Changing of the guard at Science & Technology Australia
Science & Technology Australia (STA), Australia’s peak body in science and technology, has announced the appointment of three newly elected members to its board: Associate Professor Christopher Fulton (Aquatic Sciences), Dr Kathy Nicholson (General Sciences) and Dr Karen Gregory (Medical and Cognitive Sciences).
They replace outgoing board members Professor Rebecca Ritchie, Dr Katherine Dafforn and Kylie Ahern.
Assoc Prof Fulton is an aquatic ecologist at The Australian National University and a passionate advocate for the role of evidence-based decision-making in solving the most pressing challenges facing our society. He is also a Senior Fellow of the Higher Education Academy and a past President of the Australian Society for Fish Biology.
Dr Nicholson is Chief Operating Officer for the ARC Centre of Excellence for Nanoscale BioPhotonics at the University of Adelaide. As part of the STA board, she would like to influence the national conversation about STEM issues including gender, equity and diversity; non-academic STEM careers; and evolving the conversation from research commercialisation to research utilisation.
Dr Gregory is an ARC Future Fellow and leads the Endocrine and Neuropharmacology lab within the Drug Discovery Biology theme at Monash University. She advocates for the entire spectrum of scientific research from blue sky and fundamental discoveries through to translational and commercial applications. She is a vocal advocate for equity, diversity and inclusion in science.
STA President Professor Emma Johnston noted the rich diversity of talent and skill the new board members bring, saying she welcomes the enthusiasm, extensive experience and new perspectives they offer.
“They add to the depth of knowledge on our board at a time when we are carving out a strong and sustainable STEM future for Australia,” she said.
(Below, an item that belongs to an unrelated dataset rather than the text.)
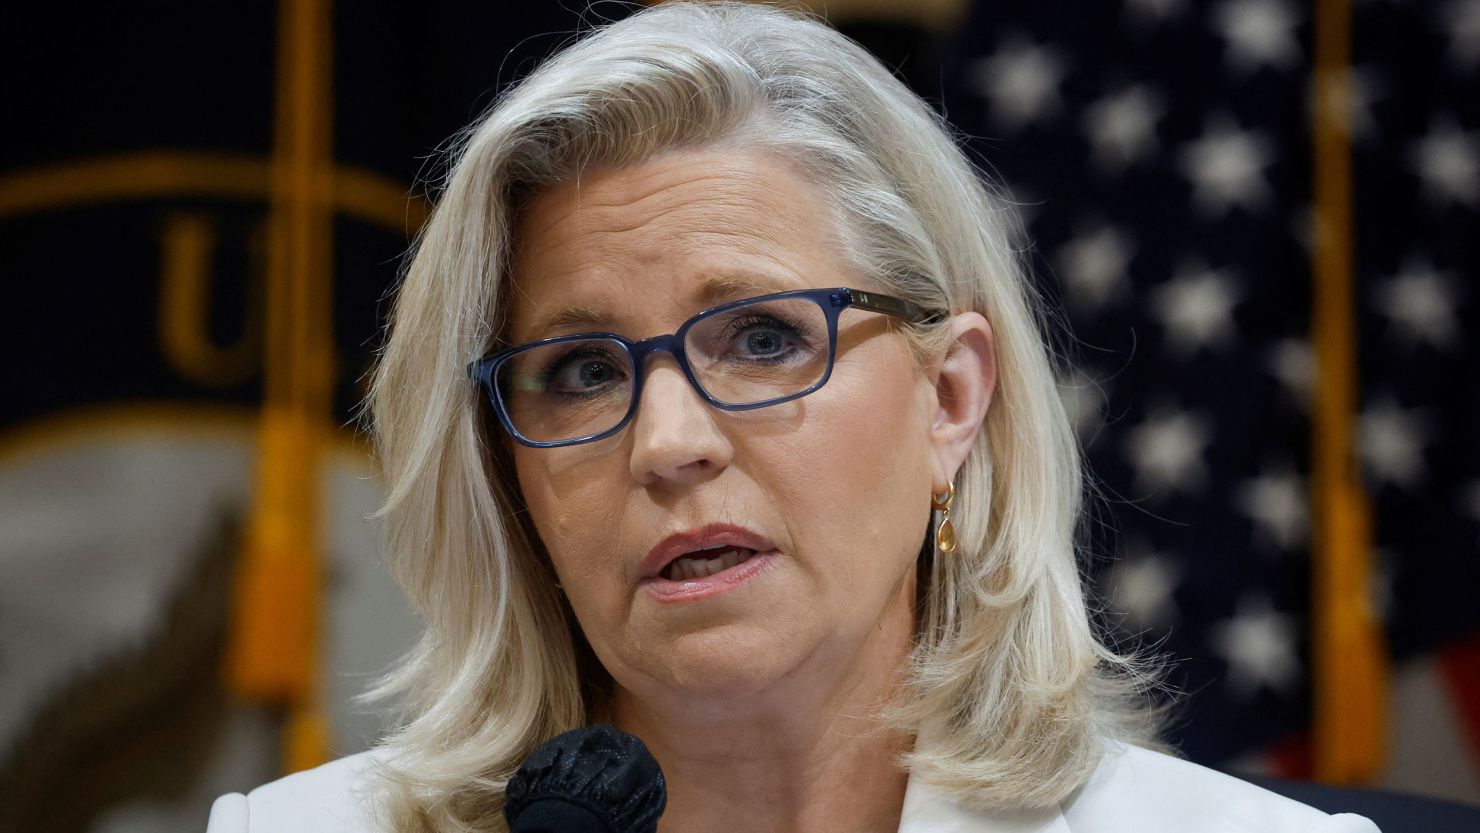 Rep. Liz Cheney (R-WY) speaks during a public hearing of the House select committee investigating the January 6, 2021, attack on the US Capitol.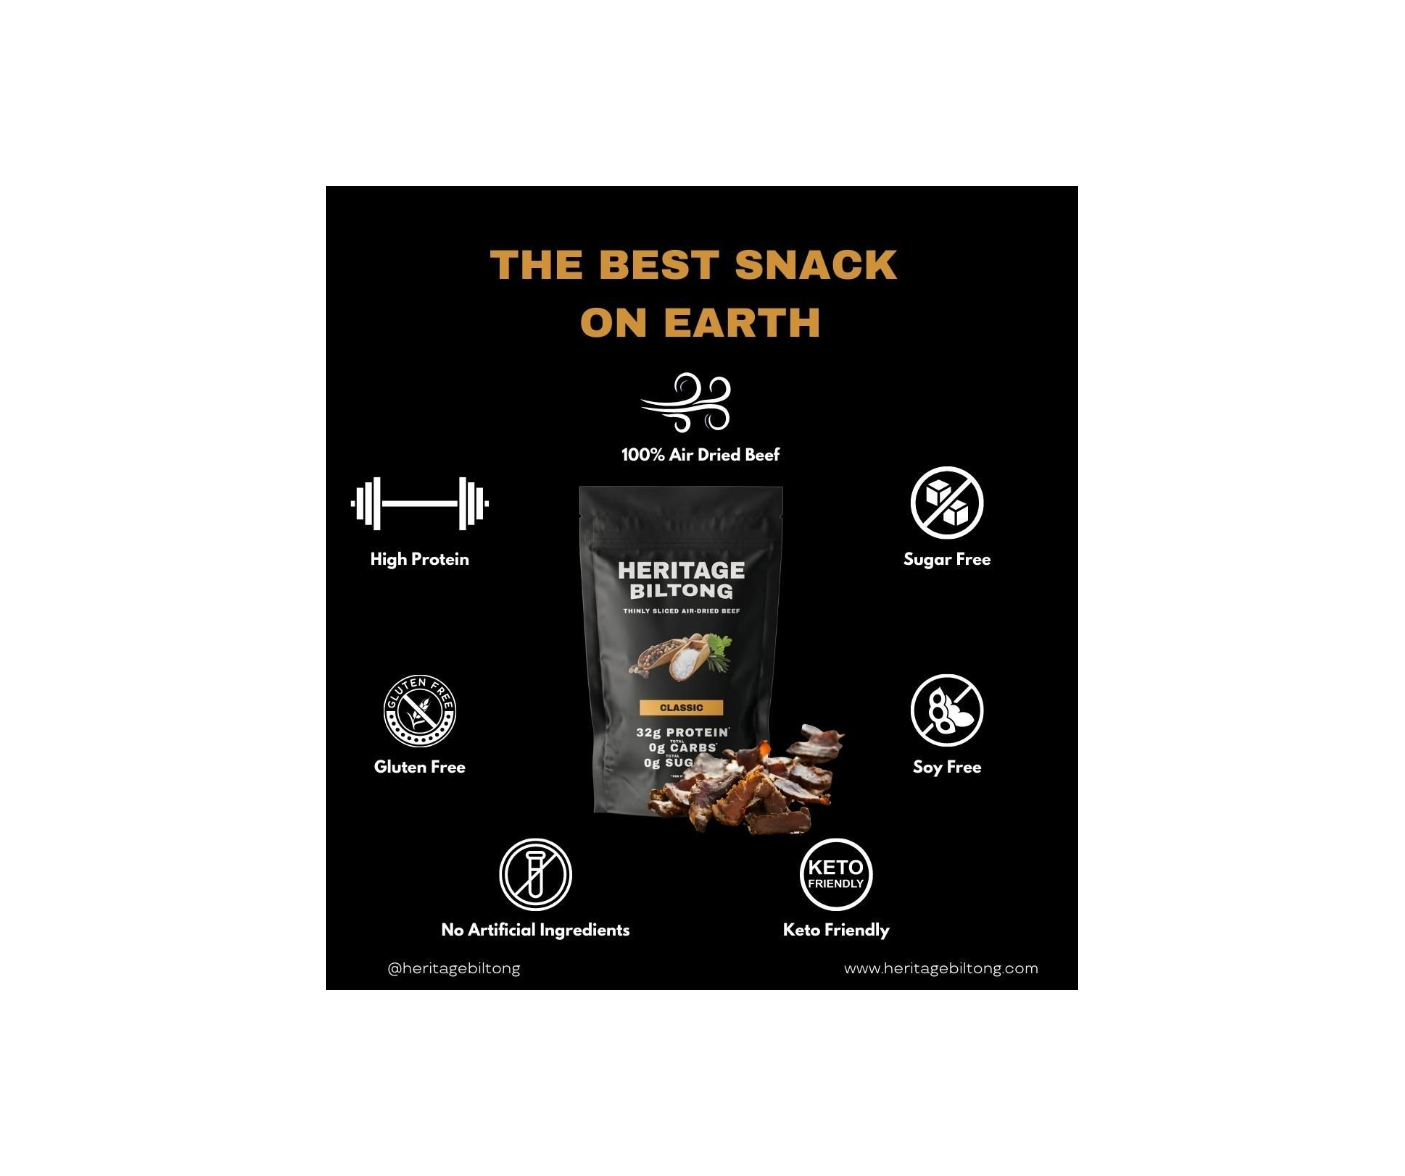 The Best Snack on Earth - Heritage Biltong

Prof Johnston thanked the outgoing board members for their dedication and leadership, which has led to a significant expansion in STA’s programs and initiatives.
“Each of these outgoing members has made a significant contribution to STA and has been a great ambassador for science and technology in Australia. I am deeply grateful for their commitment and contributions,” she said.
Further upcoming departures from STA include Prof Johnston herself, whose term as President concludes at the upcoming annual general meeting on 25 November; and CEO Kylie Walker, who will finish in December to take up a new position as CEO of the Australian Academy of Technology and Engineering (ATSE).
Prof Johnston said Walker has been an excellent leader for the organisation since she joined as CEO in June 2016, helping the body grow in scale and impact, and creating many new programs.
“STA now supports more than 80 member organisations to flourish; to share their achievements; to connect with government; and to build equity and diversity in STEM,” Prof Johnston said. “I attribute much of our current success to Kylie’s powerful leadership.
“Kylie will leave STA in a strong position and we are pleased that she will continue to support science and technology in Australia as the new CEO of ATSE. ATSE is gaining a true leader in Kylie and she will be an asset to their organisation.”
President-Elect Dr Jeremy Brownlie said Walker has helped position STA as a leading voice of STEM in Australia — not just in federal parliament but in schools as well.
“Through the Superstars of STEM program, she has lifted the profile of 90 female researchers and inspired tens of thousands of school children about STEM. I cannot think of a bigger or better legacy than that,” he said.
Walker said it had been an honour to lead STA, stating, “It’s been my genuine pleasure and deep privilege to work with STA’s board, staff and membership to advance the role, reputation and impact of science and technology in Australia.
“The organisation is growing from strength to strength and I’m proud to leave it in excellent shape.
“I look forward to watching STA continue its important work advocating for the stable and strategic public and private investment in science and technology, and promoting the skilled, valued, diverse and inclusive scientific and technological workforce Australia needs to build health, wealth and wellbeing.”